先週の終わりから、右手人差し指の第一関節のあたりが腫れて、指が曲げられない状態になっていました。
なぜそうなったのか、原因が全く分からないのだけれど、連休明けの火曜日、近所のクリニックで診てもらったら、今はどうしようもないので、薬を飲んでしばらく様子を見るように、と言われた。
で、2日後に行ったら、膿を出しましょうと言われて、麻酔を打って手術・・・・でも、30分で麻酔が切れたので、ランチの営業に影響がなかったのがありがたかったですね。
オレは左利きなので、仕事をする上では特に影響はありませんが、実は困った事になっているんです。
24日にヴァイオリンの発表会があるので、本来なら今が一番練習しなければならない時なんですが、弓が握れないので、全然練習できない・・・・
17日には、ピアノと合わせて先生に見てもらう事になっているのだけれど、それまでに間に合うか。
まぁね、トラブルというのは最悪のタイミングでやって来るものだ、という事を、改めて思い知らされたわけなんですけどね。
先日、いつもカウンターに来て下さるお客さんがみえたのですが、いつものように生ハムとワインをオーダーした後、パスタを何にするかしばらく考えてから、その時に仕込んでいたトマトソースを見て、それを使ったパスタが食べたいと言われた。
で、いくつかソースを考えたのだけれど、シンプルなものがいいとの事なので、スパゲッティ アッラ ナポレターナ Spaghetti alla napoletana. を作る事にしました。
前回のブログでも書いたけれど、南イタリアの料理(南イタリアの地名のついた料理)が北イタリアで作られる場合は、北イタリアの人達が南イタリアのイメージで作った料理、と考えた方がいいのですが、この『ナポリ風スパゲッティ』も、その代表例と言っていいでしょうね。
北イタリアのナポレターナはコレです。

ナポリに限らず、南イタリアを代表するパスタと言ってもいい、トマトソースのスパゲッティ Spaghetti al pomodoro. は、中世から食べられていたパスタとして有名ですが、トマトとオリーヴオイルとニンニクで作った、シンプルそのもののソースとスパゲッティをあわせた、基本中の基本、とも言えるパスタです。
中世のナポリの街角では、このスパゲッティを作って売っていて、当時はまだ食事用のフォークがなかったので、みんな手づかみで食べていたそうです。
(当時は、先が三叉になった調理用のフォークしかなく、後に、先が4つに分かれた食事用のフォークが考案された事で、パスタを食卓で食べる事ができるようになったそうです。
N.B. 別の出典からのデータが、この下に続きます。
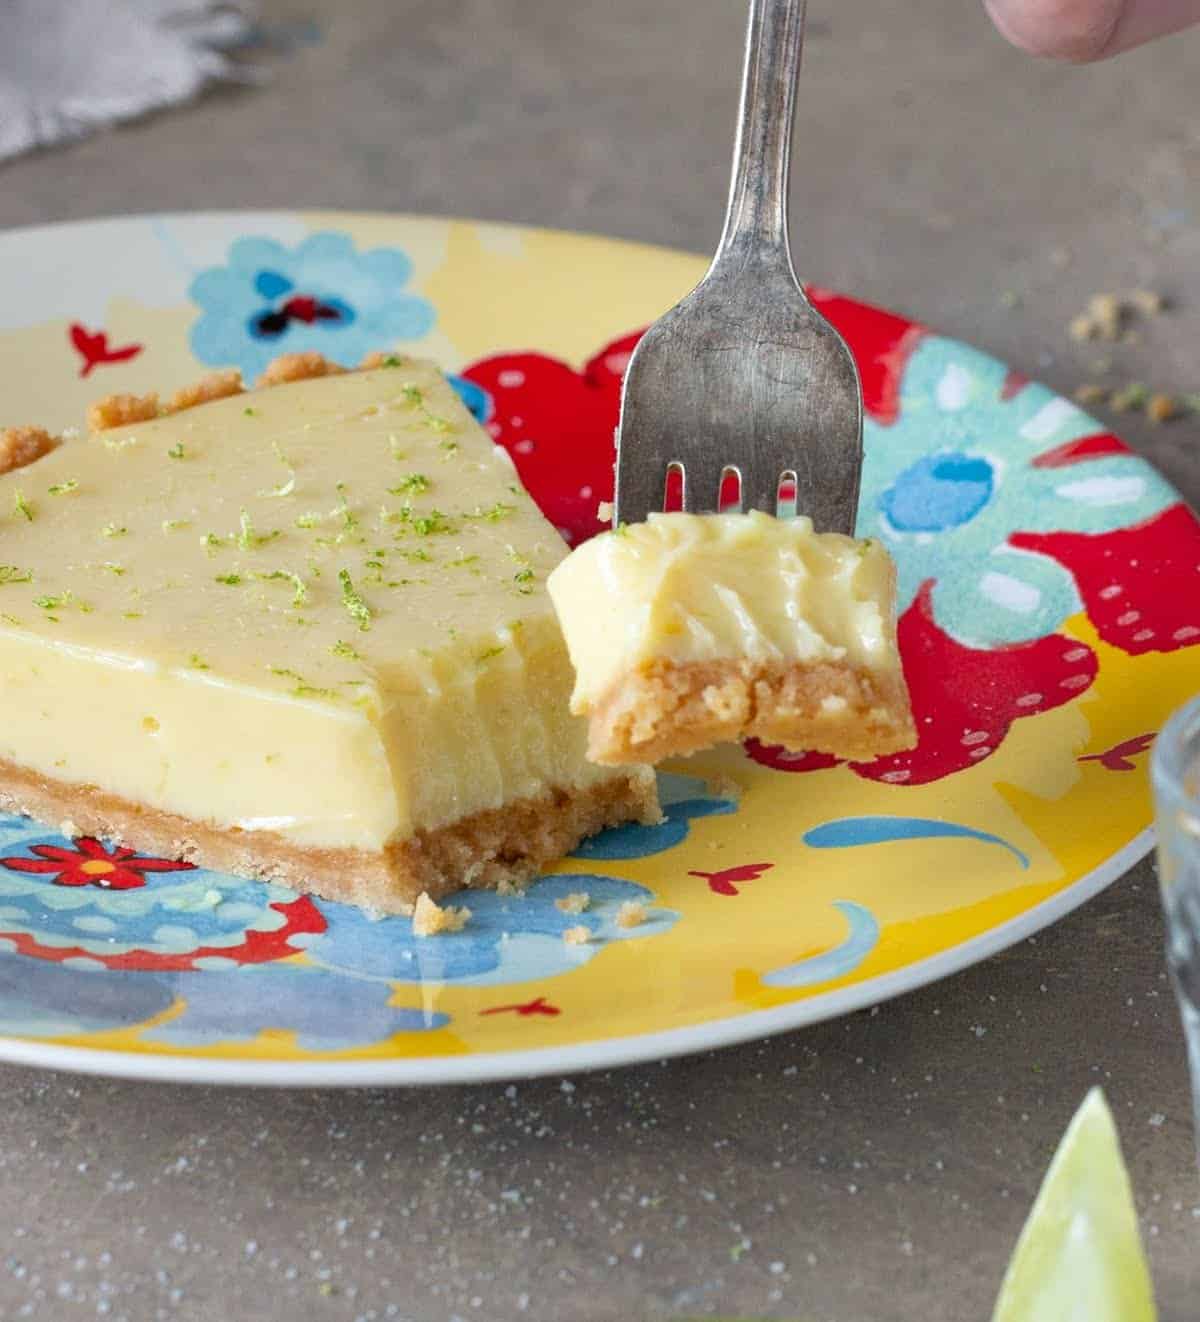 Fork with piece of key lime pie, rest of slice on colorful plate, grey surface.
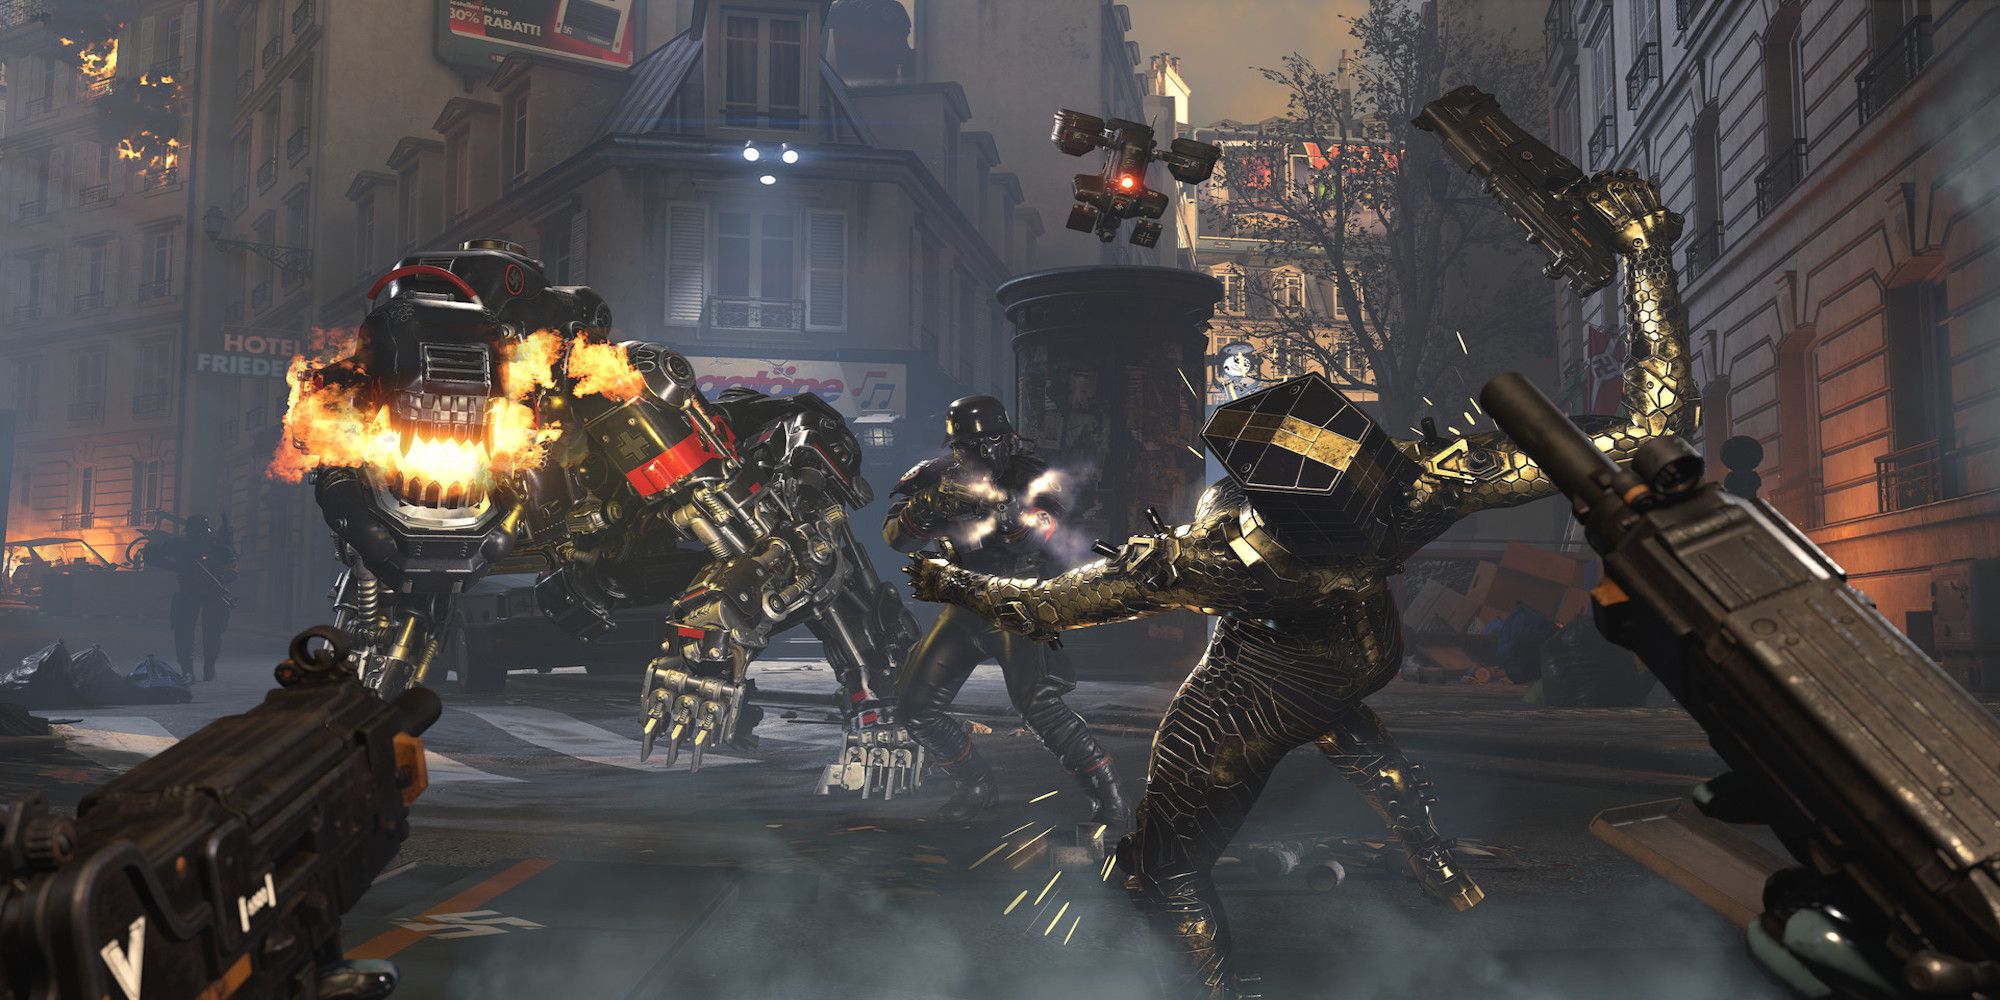 Robotic enemies from Wolfenstein: Youngblood

)
そのトマトソース作り方を簡単に言うと、こんなふうになります。
オリーヴオイルに潰したニンニクを入れて弱火にかけ、香りをオイルに移したら、ニンニクを取り出し、そこへ軽く潰したトマトを入れてひと煮立ちさせ、塩で味を調える。
好みや、使う料理によって、バジリコやオリガノで香りをつける。
(ニンニクと一緒にトウガラシを入れて辛味をつけてやると、アッラッビアータになります。)
極めてシンプルなソースですが、シンプルだからこそ、毎日食べても飽きないのだと思います。
それに比べると、北イタリアのナポレターナは、もう少し手間のかかったものになります。
まず、トマトソース自体が全く違うのです。
ニンニクだけしか使わない南イタリアと違って、タマネギを使うんです。
作る人によって違いはありますが、ウチのトマトソースの作り方を、順を追って書いてみましょう。
まず、鍋にオイルを入れ、ニンニクのみじん切りを軽く炒め、スライスしたタマネギとバジリコを加えてじっくり炒め、甘味を出します。

生のバジリコがある時は生を使いますが、今の時期はないので、乾燥のものを使っています。
そこへ、潰したトマトを加え、香味野菜と香辛料を入れて、しばらく煮込みます。

濃度が丁度いい状態まで煮たら、香味野菜と香辛料を取り出し、荒い網で漉し、さらに裏漉しします。

すると、こんなサラサラのトマトソースになります。

これが北イタリアのトマトソースです。
北と南では根本的なソースからして違うのですから、出来上がる料理も違ってくることがお解かりでしょう。
さて、では、このソースを使って、北イタリア風ナポレターナを作ってみましょう。
まず、フライパンにバターとトウガラシを入れ、火にかけて少し焦がし、そこへトマトソースを加えます。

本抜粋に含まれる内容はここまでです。